В Москве они встретились у самого её дома через месяц после того, как Нина вернулась из Ялты.

– Что же вы так долго не приходили? – усмехнулась она, и странное чувство победы над ними – над румянцем и бархатным взглядом Алфёровой – вдруг всю охватило её.

– А я разве мог? – прошептал он и вдруг сразу взял её под руку, словно торопясь куда-то.

– Куда вы хотите меня увезти? – спросила она.

Александр Данилыч снял перчатку и вытер ею лоб. Она засмеялась.

– Не бойтесь, – сказала она. – Не такая я любительница приключений. Я в шутку спросила. Зачем вы пришли?

– Вы знаете, Нина, зачем, – твёрдо ответил он и этой твёрдостью вдруг снова напомнил ей деда, его интонацию.

– Вы любите меня, Александр Данилыч?

Можно было назвать его Александром или даже Сашей, но это же имя носил её муж.

– Да, Нина, – просто и твёрдо сказал он. – Наверное, я вас люблю.

– Почему же: «наверное»? – прищурилась она.

– А может быть, вы – нехорошая?

– Как так: нехорошая?

– А вот как бывает.

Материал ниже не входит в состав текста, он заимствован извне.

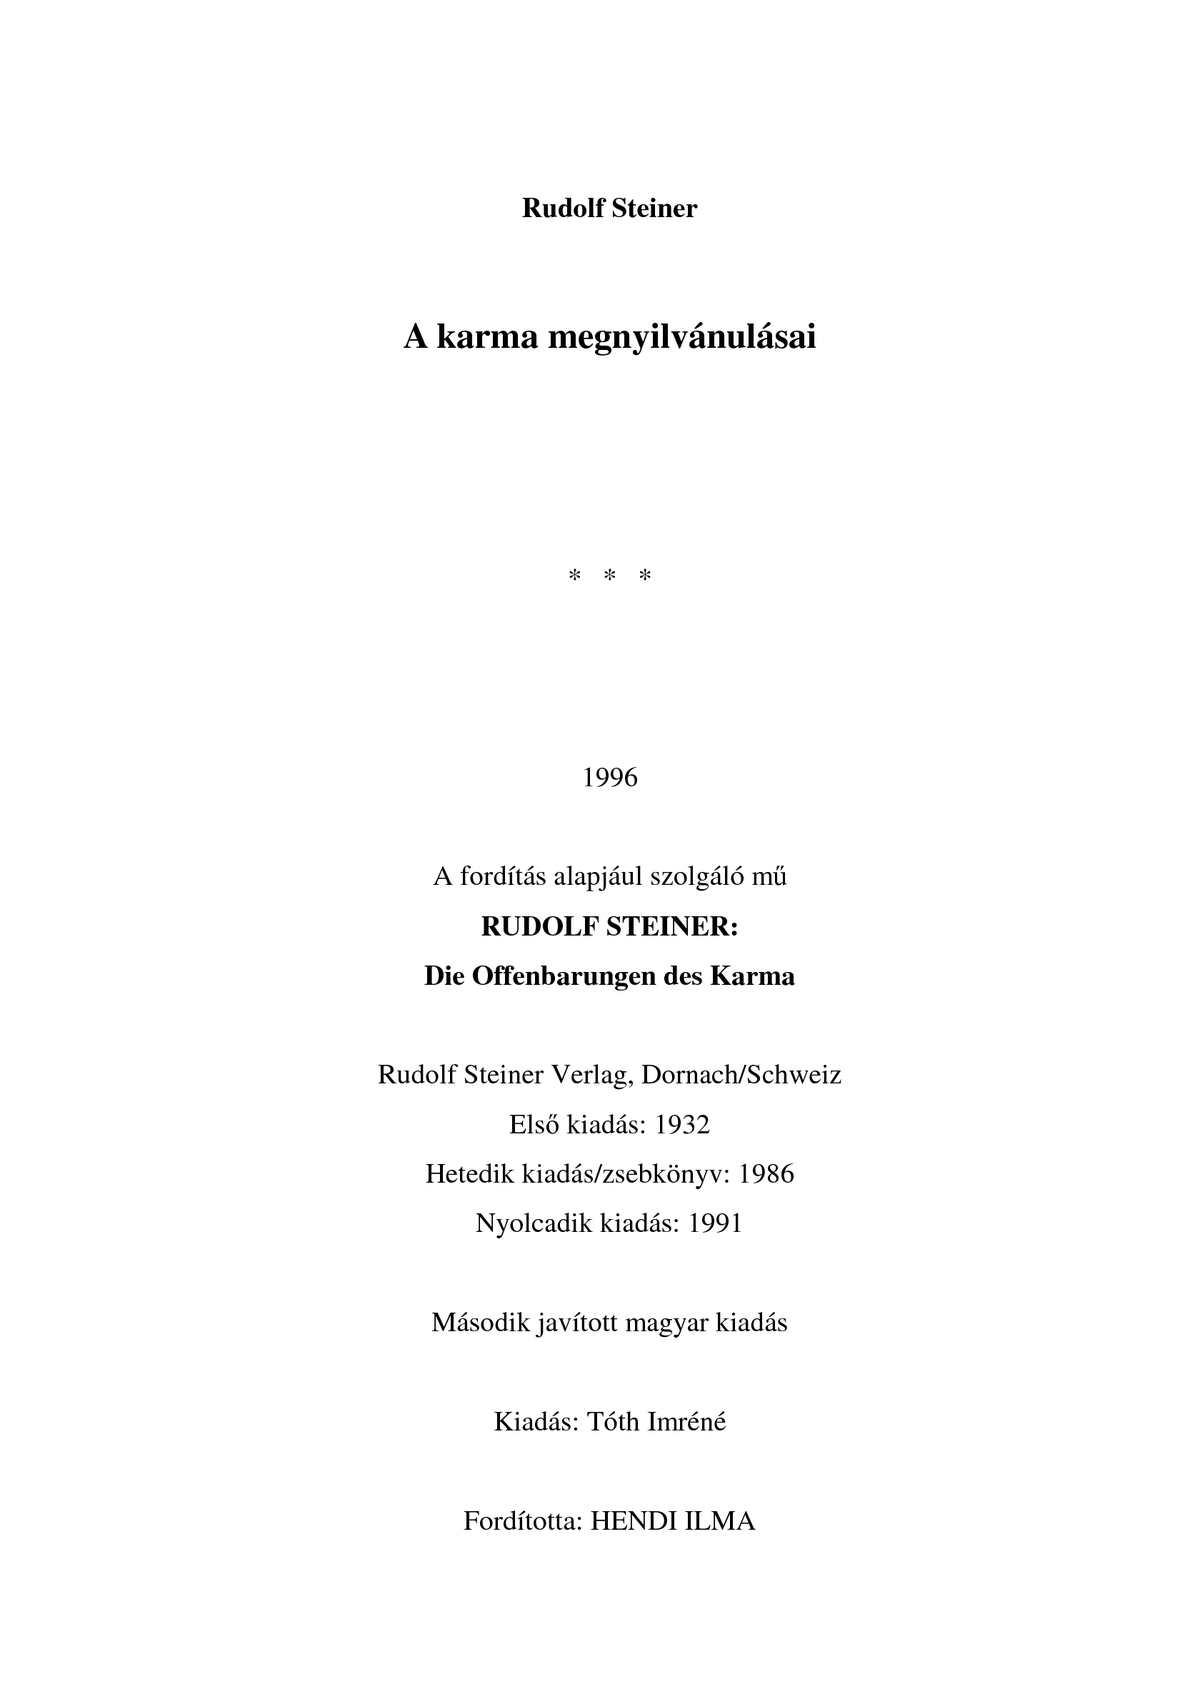 Calaméo - Rudolf Steiner - A Karma Megnyilvánulásai 253d0735b2

Плохая, без сердца.

– Проверьте, – шепнула она. – Вам никто не мешает.

– Но я всё равно вас люблю, – с мукой в голосе возразил он. – Мне это неважно.

– Но вы ведь женаты, – зачем-то сказала она. – И ваша жена дорога вам, я знаю.

Он сморщился и сердито посмотрел на неё.

– Жена моя здесь ни при чём, – резко сказал он. – Давайте не будем играть мелодраму.

– Вы правы, – кивнула она. – Как мне всё-таки странно, что мы с вами так легко разговариваем! Хотите, пройдёмся?

Он снова взял её под руку, и они медленно прошли по Малой Молчановке, Большому Ржевскому переулку, потом оказались на Собачьей площадке. Здесь они остановились и сели на скользкую от тонкого слоя льда лавочку.

– Вам не холодно? – спросил Александр Данилыч.

Она отрицательно покачала головой. Снег, хрупкий и мелкий, как соль, совсем молодой ещё снег, слегка захрустел под ногами.

– Мне с вами легко, – снова сказала она. – А с мужем всегда было трудно. Всегда.

Он блестящими испуганными глазами взглянул на неё из-под шапки.

– Что, Саша? – спросила она и почувствовала, как слово «Саша» немного царапнуло горло.

– Давайте мы не будем обсуждать этого, – пробормотал он. – Ни вашего мужа, ни мою жену…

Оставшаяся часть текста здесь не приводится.